Entries shown
● ● ● ●
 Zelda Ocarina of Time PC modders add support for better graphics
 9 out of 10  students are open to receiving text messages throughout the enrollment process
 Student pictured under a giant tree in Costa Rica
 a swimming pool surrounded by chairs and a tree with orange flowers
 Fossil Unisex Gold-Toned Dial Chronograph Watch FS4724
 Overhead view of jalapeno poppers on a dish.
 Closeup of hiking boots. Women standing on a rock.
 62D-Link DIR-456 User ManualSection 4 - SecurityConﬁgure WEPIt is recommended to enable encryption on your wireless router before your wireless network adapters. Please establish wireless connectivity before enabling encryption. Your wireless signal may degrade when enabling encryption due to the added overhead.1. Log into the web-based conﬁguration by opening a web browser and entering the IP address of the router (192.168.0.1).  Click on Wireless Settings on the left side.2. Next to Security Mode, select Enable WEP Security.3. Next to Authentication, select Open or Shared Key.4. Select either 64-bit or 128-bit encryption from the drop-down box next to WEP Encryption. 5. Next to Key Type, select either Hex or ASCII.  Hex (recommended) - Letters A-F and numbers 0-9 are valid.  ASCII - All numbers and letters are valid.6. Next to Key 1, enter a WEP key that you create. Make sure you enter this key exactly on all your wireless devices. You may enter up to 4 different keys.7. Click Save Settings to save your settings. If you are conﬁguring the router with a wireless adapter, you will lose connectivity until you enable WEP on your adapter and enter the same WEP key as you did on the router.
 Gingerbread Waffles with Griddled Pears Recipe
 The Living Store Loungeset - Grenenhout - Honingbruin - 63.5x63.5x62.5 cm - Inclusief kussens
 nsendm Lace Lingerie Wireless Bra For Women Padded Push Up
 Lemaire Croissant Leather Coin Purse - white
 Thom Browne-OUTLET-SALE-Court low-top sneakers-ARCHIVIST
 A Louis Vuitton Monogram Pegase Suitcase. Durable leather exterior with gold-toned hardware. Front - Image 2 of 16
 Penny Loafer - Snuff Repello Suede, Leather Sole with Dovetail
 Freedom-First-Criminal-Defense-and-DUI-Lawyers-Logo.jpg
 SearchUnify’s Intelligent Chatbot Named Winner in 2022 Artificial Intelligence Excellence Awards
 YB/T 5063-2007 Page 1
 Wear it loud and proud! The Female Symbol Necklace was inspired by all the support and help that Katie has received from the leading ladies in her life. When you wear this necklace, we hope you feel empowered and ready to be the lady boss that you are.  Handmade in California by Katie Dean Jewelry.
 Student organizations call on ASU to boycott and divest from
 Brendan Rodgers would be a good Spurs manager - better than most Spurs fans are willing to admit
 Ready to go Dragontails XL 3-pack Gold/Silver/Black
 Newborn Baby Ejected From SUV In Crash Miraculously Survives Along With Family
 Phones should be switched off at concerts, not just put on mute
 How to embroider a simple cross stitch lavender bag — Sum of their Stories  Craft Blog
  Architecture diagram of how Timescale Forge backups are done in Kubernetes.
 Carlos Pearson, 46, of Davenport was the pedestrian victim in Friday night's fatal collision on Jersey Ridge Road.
● ● ● ●
Directions
Within the entries, find all lines holding "better" and copy each one.

Problem solution
 Zelda Ocarina of Time PC modders add support for better graphics
 Brendan Rodgers would be a good Spurs manager - better than most Spurs fans are willing to admit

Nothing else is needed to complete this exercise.